The definition of the problem

The problem that Artificial Visual System tries to solve may be defined as simultaneous representation learning and relation modeling. We need to know what specific pieces of visual information represent and what are their relations to other samples and data pieces in the memory. In many cases it is also useful to model spatiotemporal relations to other objects in the perceived scene.

The representation learning is a base of modern Neural Networks, however in recent years we can observe an increase in techniques that are focused on modeling relations between data – both graphs, Graph Neural Networks and attention mechanisms are a form of associated context aggregation.

In Computer Vision there is a well known technique of Simultaneous Localization and Mapping, allowing machines to orient in their external environment.

In a similar manner, the machine can orient itself in the internal environment of its own memory – to find the memory locations relevant to the observed environment state and to perform mapping of the external environment features in its memory bank for future usage.

In fact, most of our human knowledge is also based on two aspects:

· What a specific object is? (how it can be represented in memory)

· How does it relate to the other objects?

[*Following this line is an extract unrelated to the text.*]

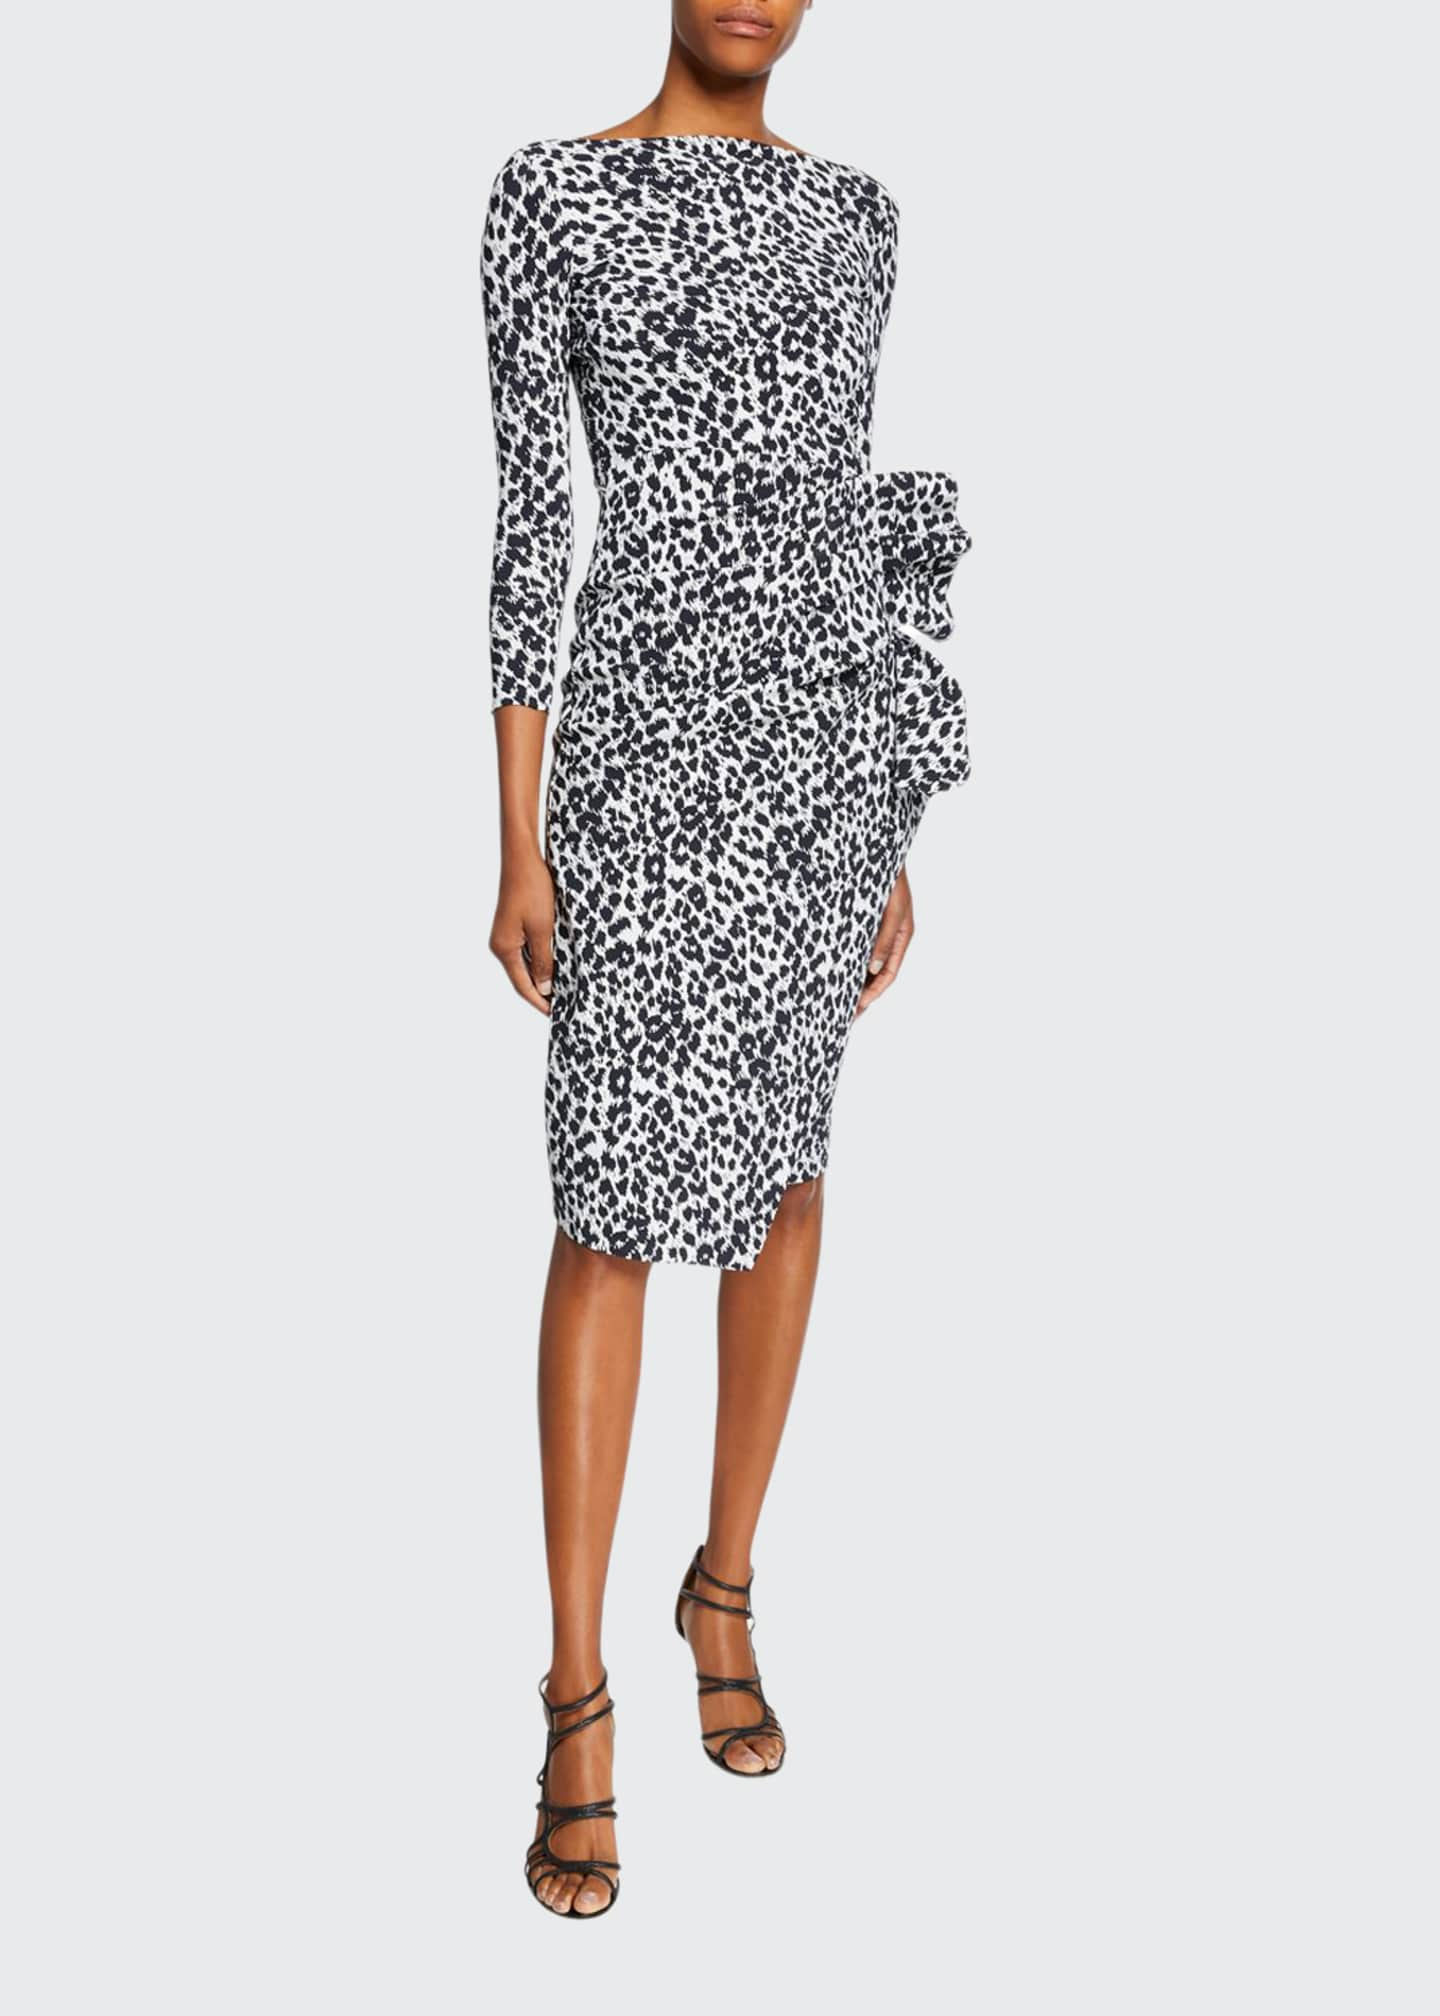 Chiara Boni La Petite Robe Zelma Side-Shirred Printed

What is the type of relation (hierarchical, directed etc.)?

Pre-trained models

To be useful from the very beginning, the machine can’t start in a blank state.

In order to operate in the environment, the machine has to understand it on at least a basic level. Our technology may support unsupervised zero to few-shot learning procedures, but starting from a blank state will not allow it to realize any reasonable task.

The pre-training operation may build a basic understanding of the environment, while real-time learning mechanisms will allow for rapid learning of the differences between already possessed knowledge and the real world seen through the sensors.

There are two ways how the pre-training procedure may be realized: 

· with dataset created from data gathered through sensors (in case of Computer Vision tasks: stereo camera is preferred)

· with synthetic data that allows for efficient pre-training in multiple scenarios and conditions without the need to physically record and store the data

After analysis of current synthetic data and virtual environment providers, we can assume that the correct direction for the development of Vision for Robots is to base our models on pre-training with synthetic data and allow machines to adapt to real-world data acquired from sensors later.

The synthetic data may differ more or less from the real-world data. This phenomenon may be called the “sim-to-real gap”. Unless, we do not have a photorealistic virtual environment – the 3D models may not fully capture the attributes of the real objects.

To eliminate this sim-to-real gap we can:

·import the real world to the simulation: use 3D object models generated with real-world data (e.g. structure from motion algorithms)

· add real-world elements: texture, background to the scene

The other way how to deal with sim-to-real gaps is through learning structural patterns in parallel to visual attributes, what can be achieved by using depth information and AGICortex’s framework unique features.

The biological brain can recognize objects if we see an outline, sketch, 3D model, photograph or a real object or its equivalent (e.g. toy) in front of our eyes.

The reason is that the attributes of the object are not only visual, but also functional (what specific part does) and structural (how it relates to other parts and objects nearby).

We can simultaneously build multiple representations of the same objects and their parts with variant visual representation – while focusing also on their functional and structural aspects.